Recently, two computer scientists had an idea: if computers use energy to perform calculations, could stored data be a form of stored energy? Why not use computing as a way to store energy?
What if information could be a battery, man?
As it turns out, the idea isn’t as far-fetched as it may sound. The “information battery” concept, fleshed out in a recent paper, would perform certain computations in advance when power is cheap—like when the sun is shining or the wind is blowing—and cache the results for later. The process could help data centers replace up to 30 percent of their energy use with surplus renewable power.
The beauty of the system is that it requires no specialized hardware and imposes very little overhead.
“Information Batteries are designed to work with existing data centers,” write authors Jennifer Switzer, a doctoral student at UC San Diego, and Barath Raghavan, an assistant professor at the University of Southern California. “Some very limited processing power is reserved for the IB [information battery] manager, which manages the scheduling of both real-time computational tasks and precomputation. A cluster of machines or VMs is designated for precomputation. The IB cache, which stores the results of these precomputations, is kept local for quick retrieval. No additional infrastructure is needed.”
Forecasting is key
Not every task is suited to the information-battery approach, but for many data centers, certain loads can be predicted with reasonable accuracy and cached for later retrieval. Companies like Netflix, for example, may ingest video in one format and then transcode it to optimize it for various devices, a process that isn’t always time-sensitive. The same is true when training machine-learning algorithms—computer scientists can queue up the training data and let the information-battery manager decide when to run the training. Google has been using a system like this for a few years in a quest to trim its carbon emissions, though as you might expect, details are sparse.
The information-battery manager in some ways mimics schedulers found within PC or smartphone operating systems. There, the schedulers optimize the flow of data through the CPU and other chips to keep things moving smoothly. Depending on the task and the demands on the system, the scheduler may keep the interface responsive to user inputs, or it might prioritize a compute-intensive job so it finishes more quickly.
In the case of information batteries, the manager optimizes the workload based on the price of electricity and the availability of tasks that can be performed ahead of time. The manager has three main parts—a price-prediction engine, a pre-computation engine, and a scheduler. To determine which tasks to run, the scheduler weighs information from the price-prediction and pre-computation engines. The price-prediction engine uses a neural network to forecast future electricity prices, while the pre-computation engine uses a different neural network to predict future computational demands.
In the model Switzer and Raghavan created to test the concept, the IB manager queried grid operators every five minutes—the smallest time interval the operators offered—to check the price of power to inform its predictions. When prices dipped below a set threshold, the manager green-lit a batch of computations and cached them for later.

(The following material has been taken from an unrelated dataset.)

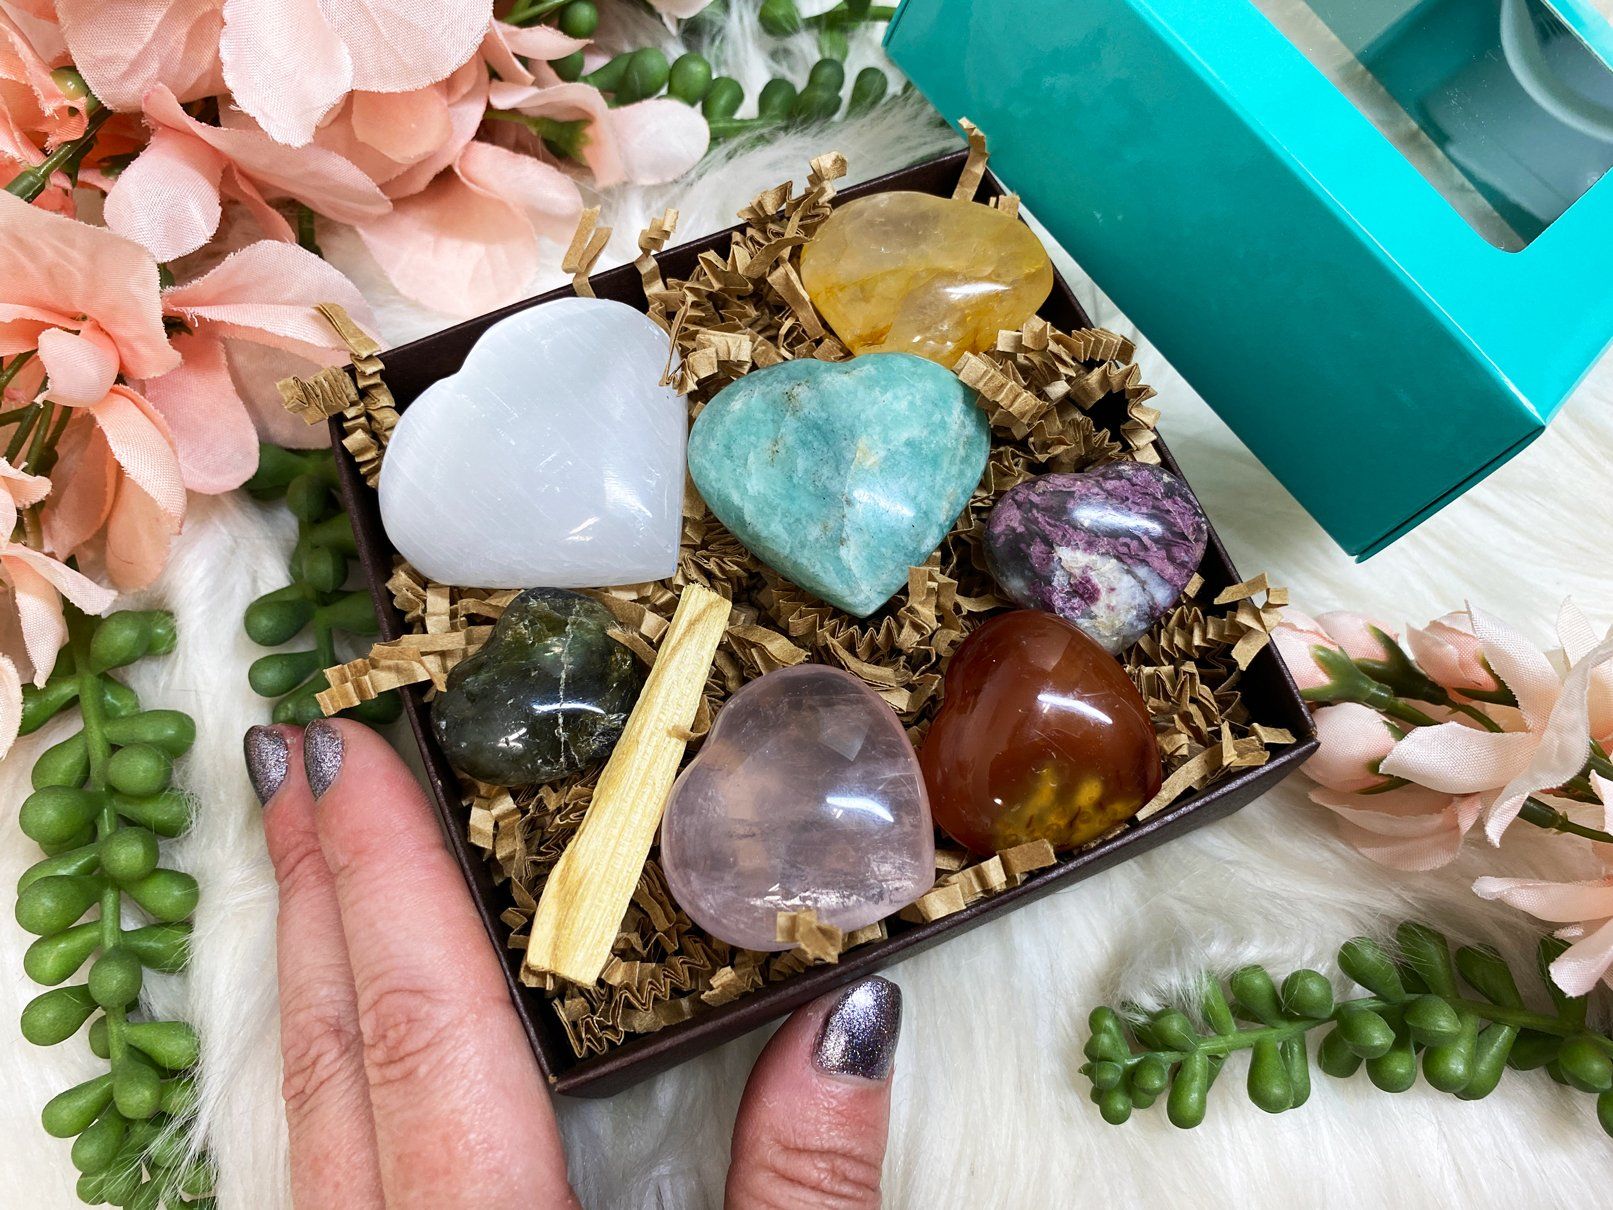 The Amazonite stone, heart-shaped on a box with other different stones as a gift, with a girl's hand holding it

Supplanting grid-scale batteries
The system was pretty effective at reducing the need for expensive “grid power,” as the authors call it, even when the pre-computation engine did a relatively poor job of predicting which tasks would be needed in the near future. At just 30 percent accuracy, the manager could begin to make the most of the so-called “opportunity power” that is created when there is excess wind or solar power.
In a typical large data center, workloads can be predicted around 90 minutes in advance with about 90 percent accuracy, the authors write. With a more conservative prediction window of 60 minutes, “such a data center could store 150 MWh, significantly more than most grid-scale battery-based storage projects,” they say. An equivalent grid-scale battery would cost around $50 million, they note.
While the authors don’t provide an estimate of how much an information battery would cost to run, it’s likely to be significantly cheaper since it relies on existing infrastructure and is implemented in software, which can be optimized based on the price of electricity and the computational demands of the data center.
Today, there aren’t many times when there’s excess wind or solar power—mostly during the summer in California when it’s especially sunny and in Texas when it’s particularly windy. But in the near future, when there’s more wind and solar on the grid, negative power prices may become more common, and information batteries could become both viable and widespread.
“Key to the IB approach is that it is not a general-purpose solution but is likely to be effective for many common workloads,” the authors write. Given that data centers consume around two percent of all electricity used in the US—a number that’s all but certain to grow—information batteries could become a cost-effective alternative to massive and costly batteries.